◆ Data section
-- Opening Marker --

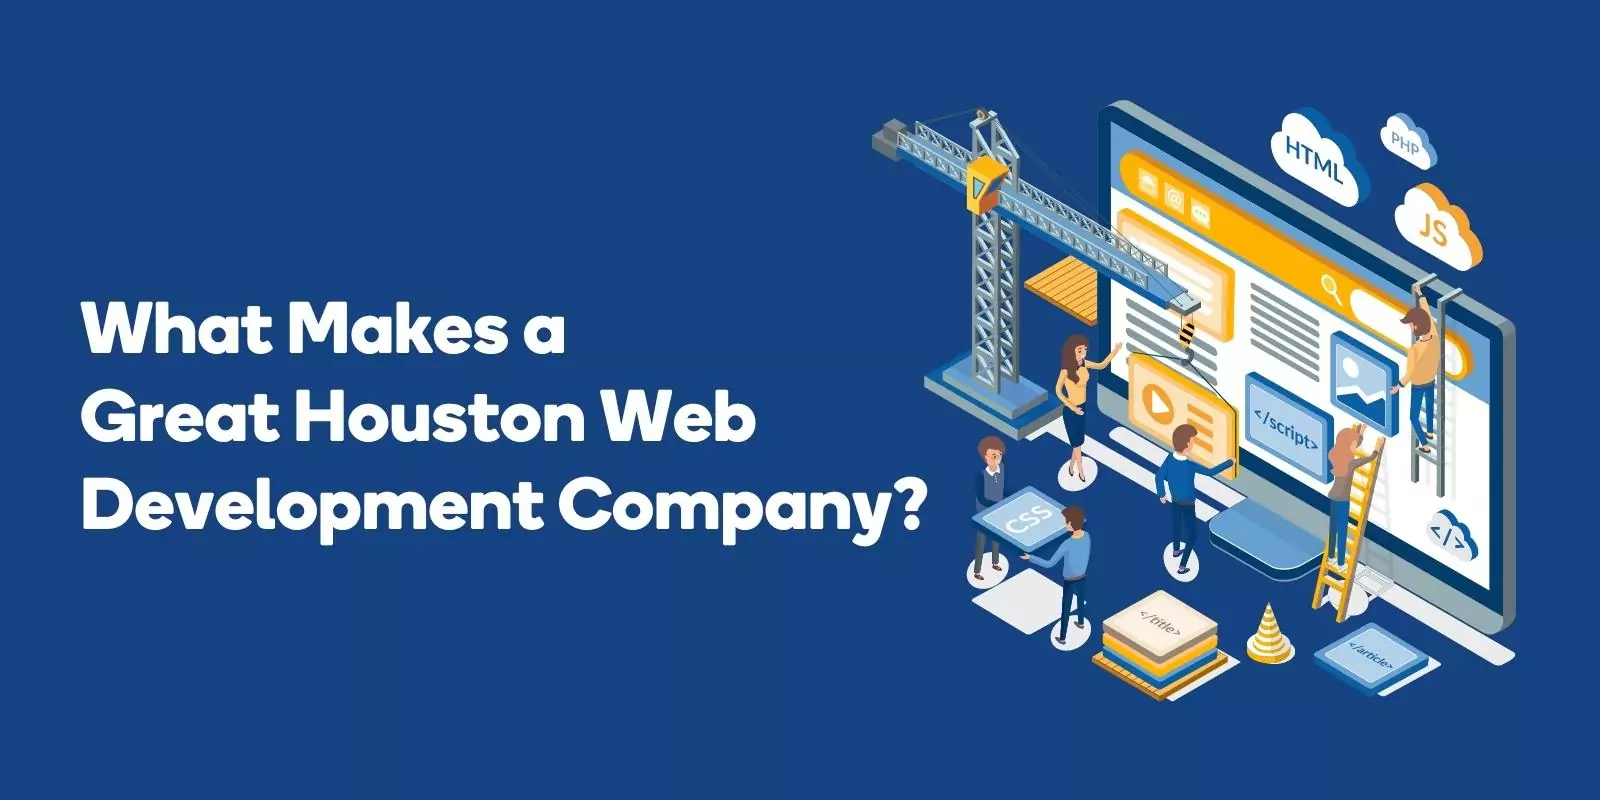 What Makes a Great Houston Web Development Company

-- Closing Marker --
-- Opening Marker --

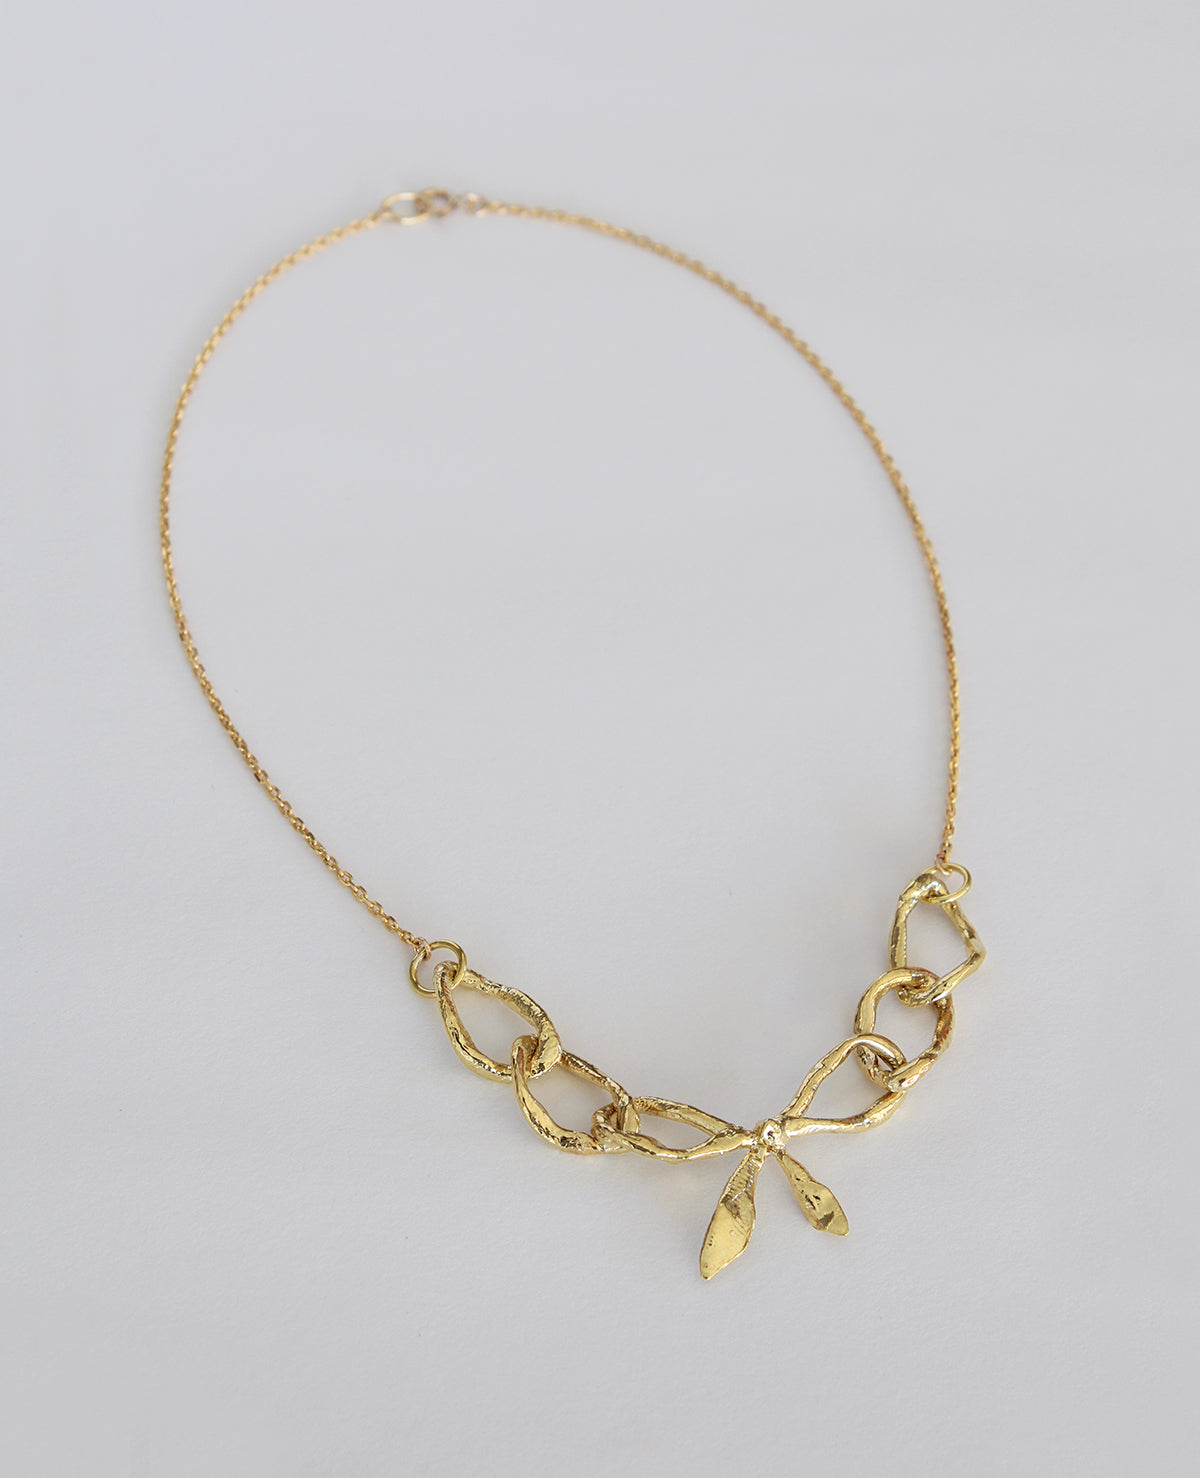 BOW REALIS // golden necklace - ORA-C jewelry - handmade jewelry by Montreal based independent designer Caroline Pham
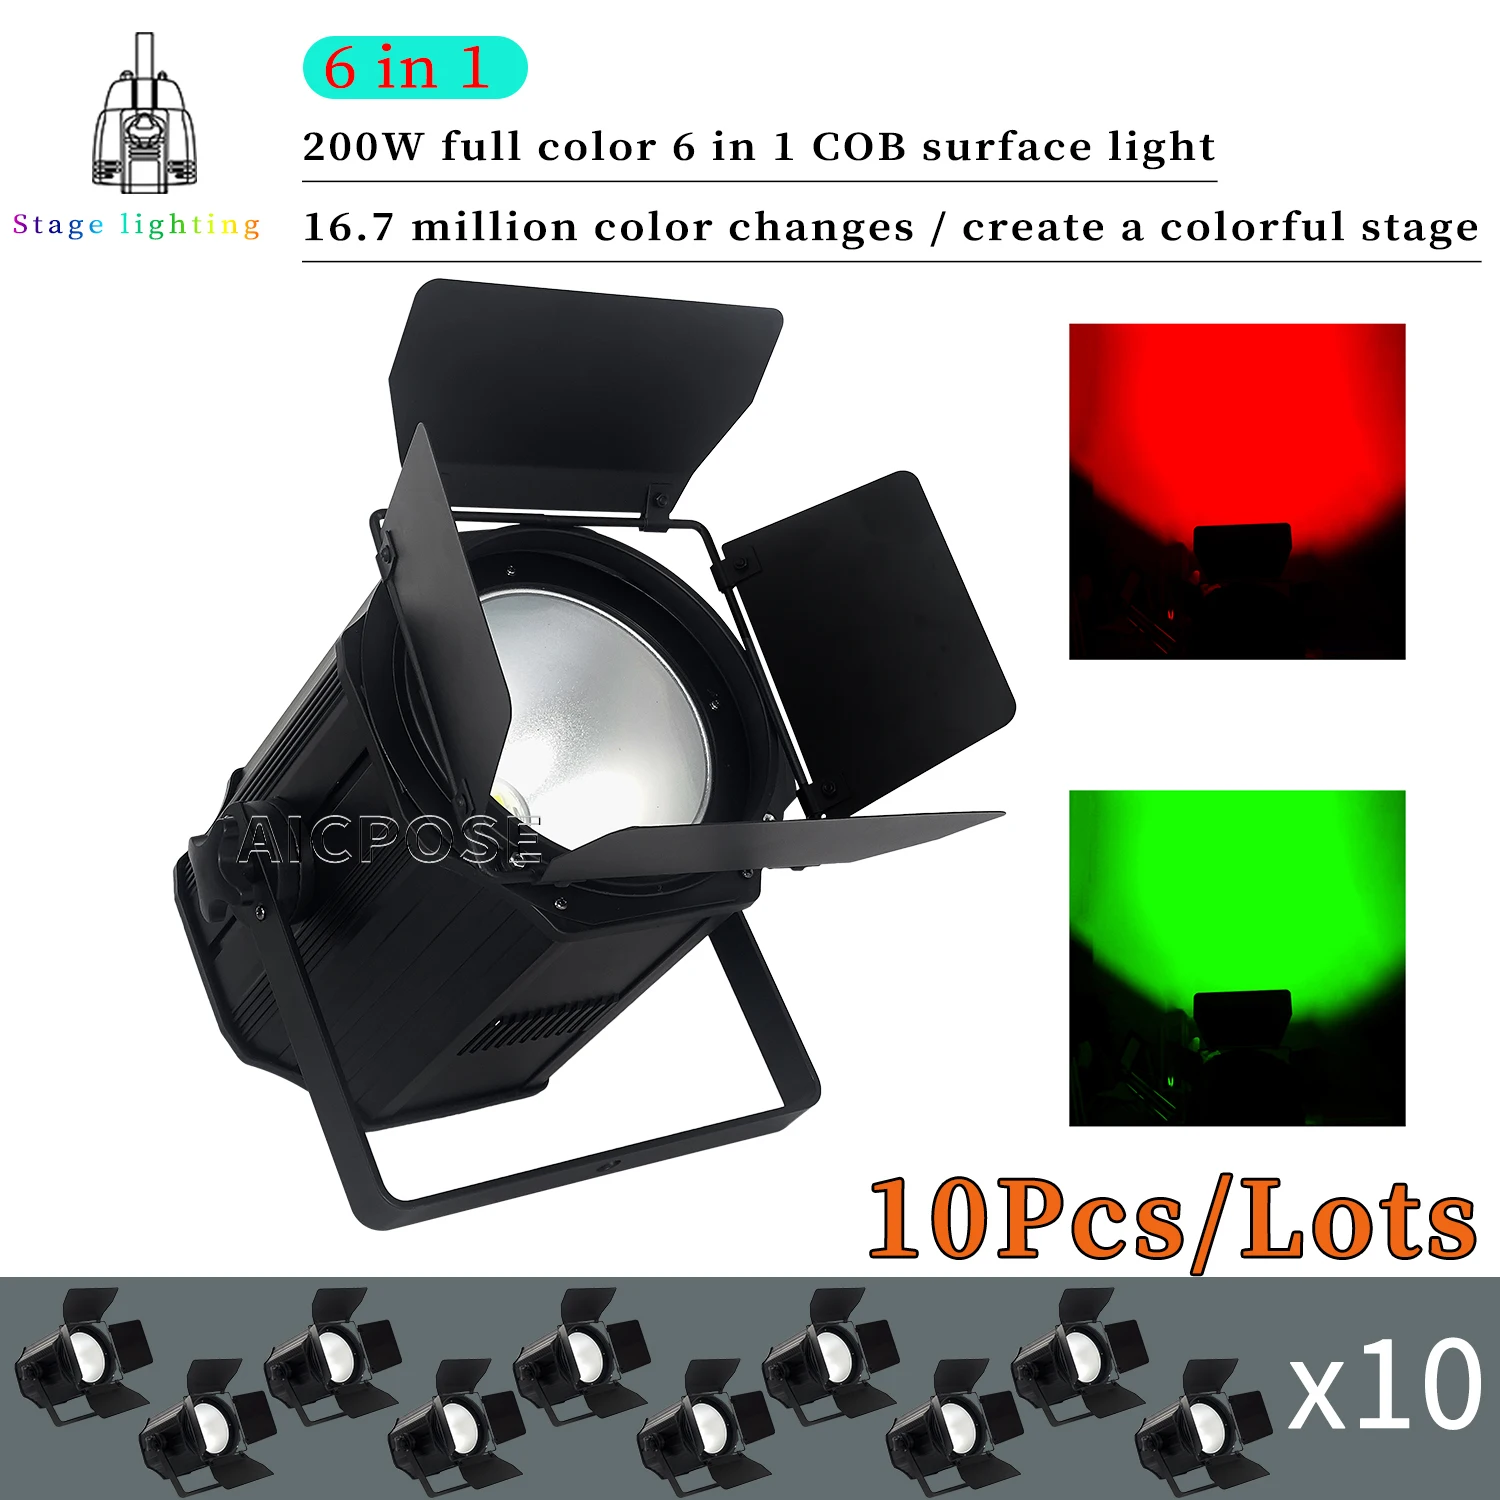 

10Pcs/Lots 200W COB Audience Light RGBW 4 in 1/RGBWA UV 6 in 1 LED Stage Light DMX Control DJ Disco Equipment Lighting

-- Closing Marker --
-- Opening Marker --

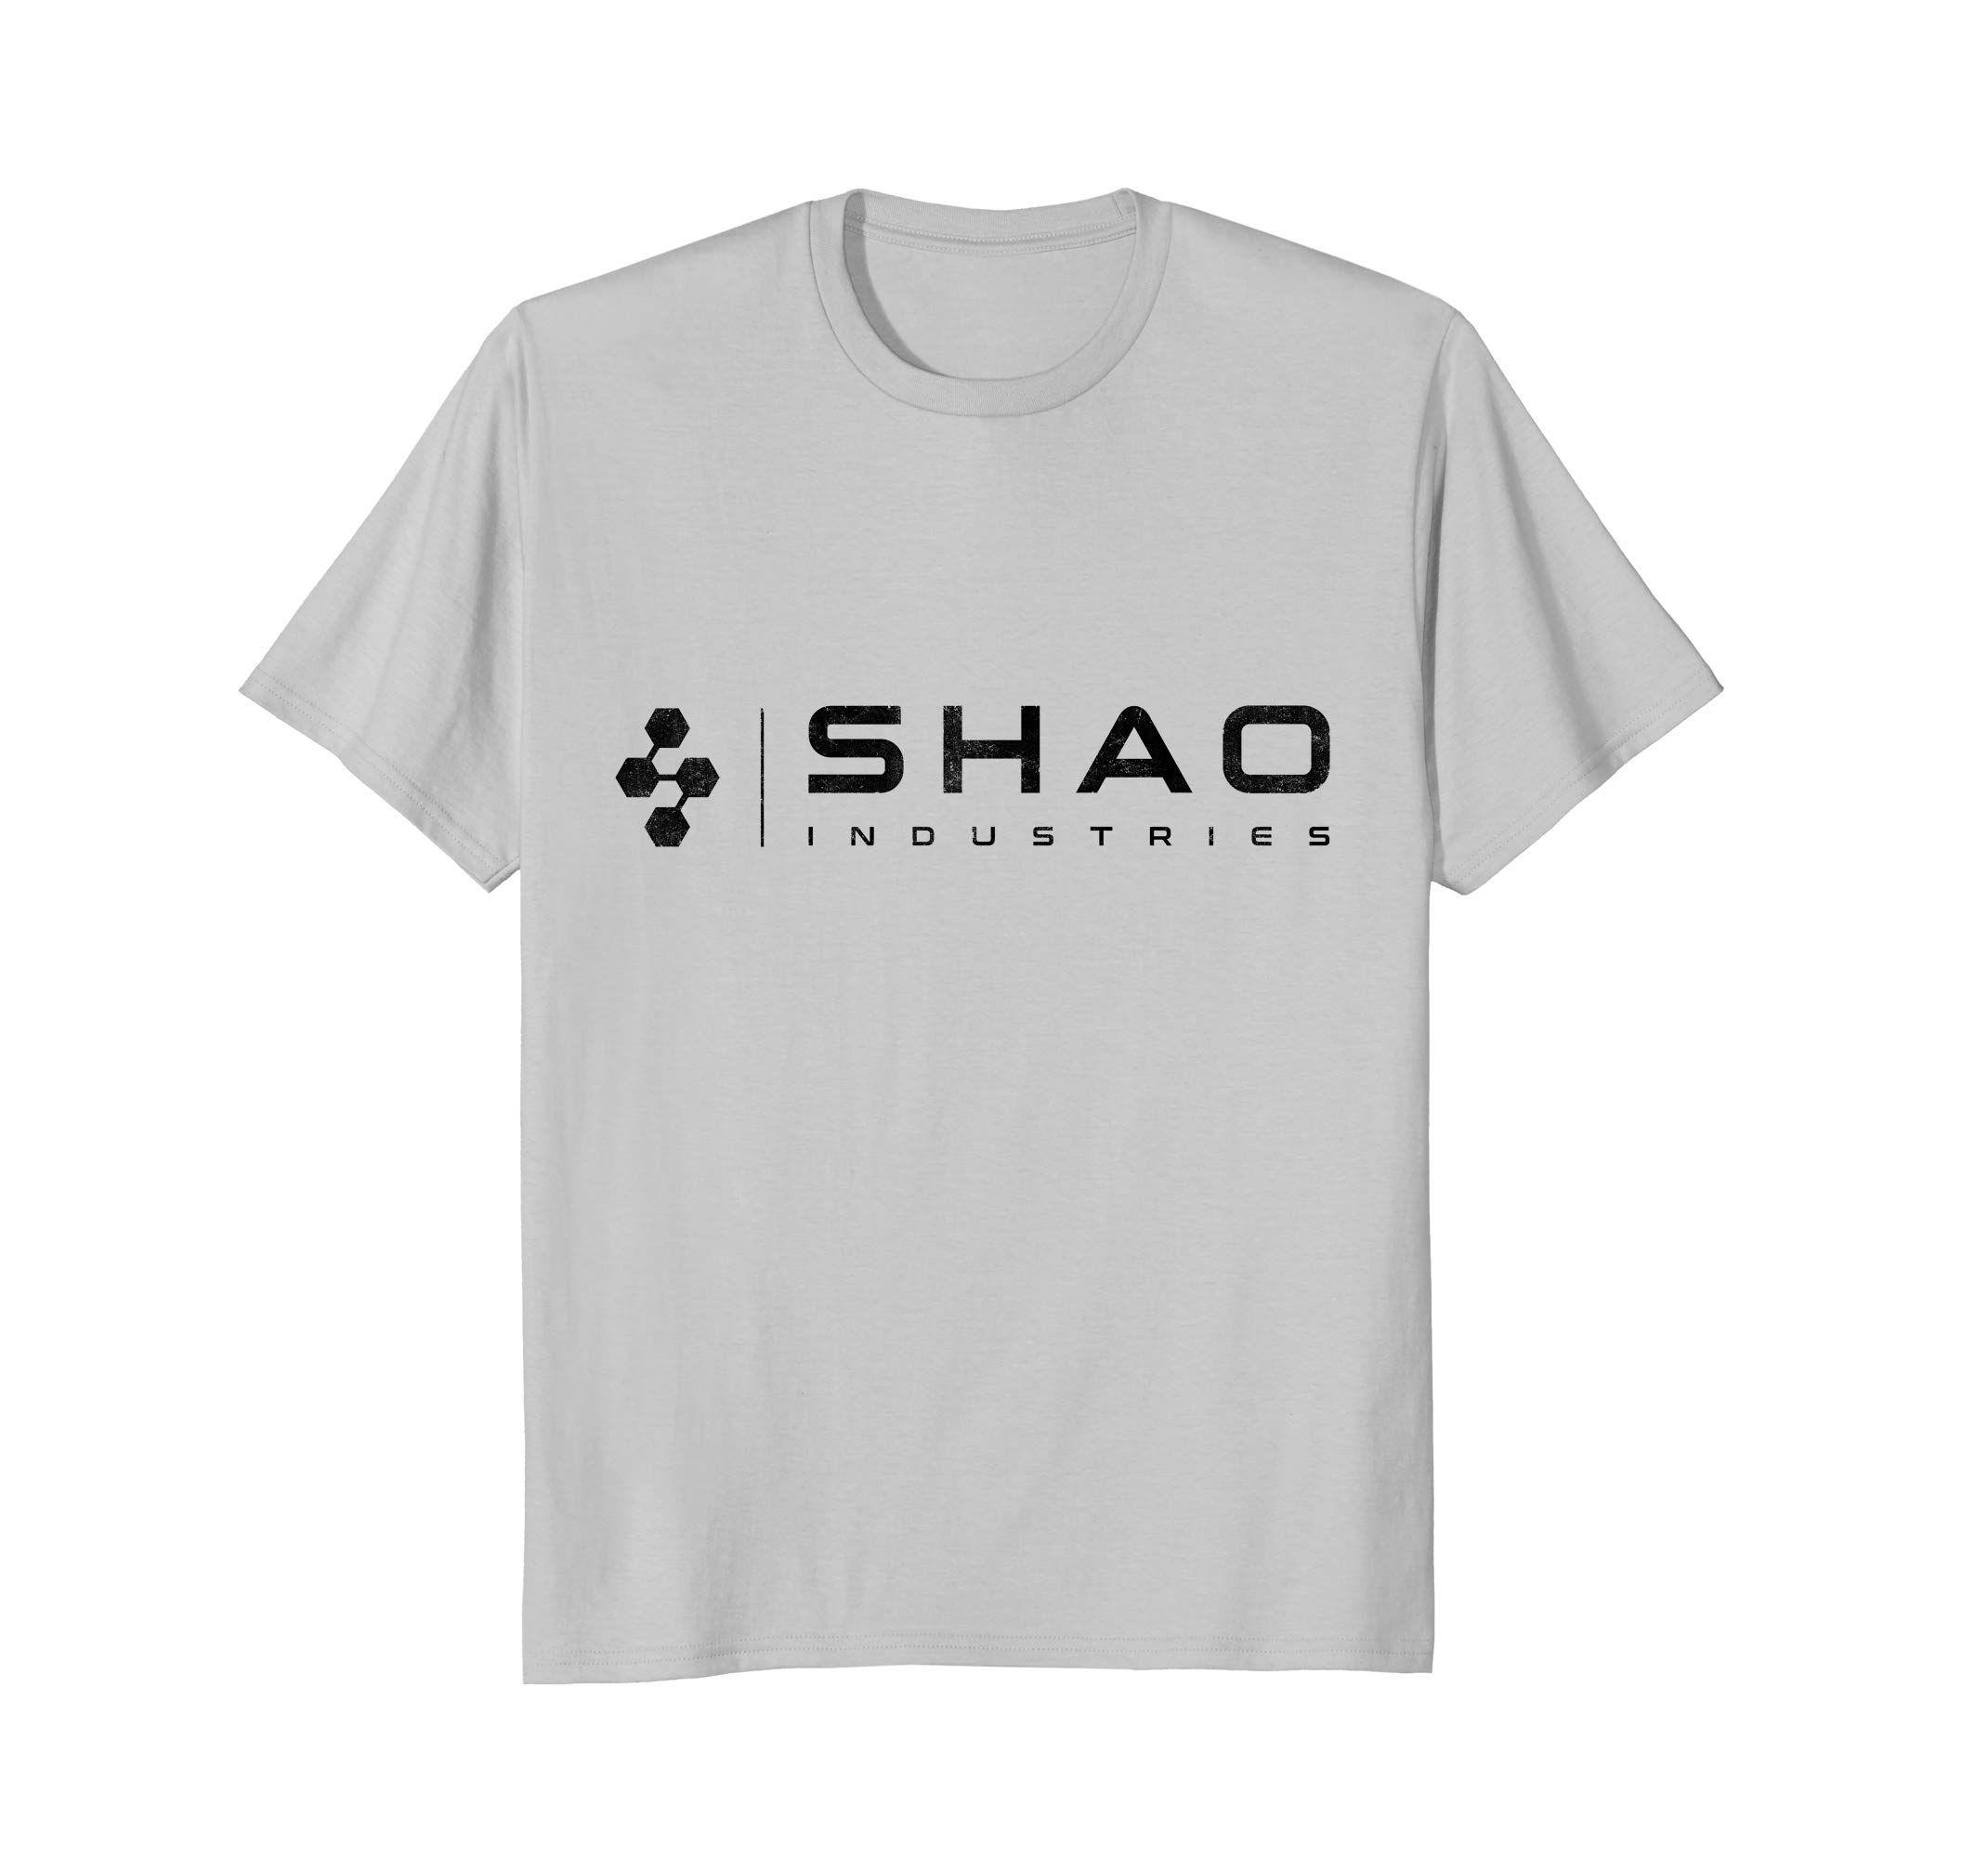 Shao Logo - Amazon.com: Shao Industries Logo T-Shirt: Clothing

-- Closing Marker --

◆ Goal of the exercise
When copying from the data above, begin at the line containing "BOW REALIS //" and end at the line containing "10Pcs/Lots 200W COB"; return those lines exactly and leave all pictures behind.

◆ Your response
 BOW REALIS // golden necklace - ORA-C jewelry - handmade jewelry by Montreal based independent designer Caroline Pham

10Pcs/Lots 200W COB Audience Light RGBW 4 in 1/RGBWA UV 6 in 1 LED Stage Light DMX Control DJ Disco Equipment Lighting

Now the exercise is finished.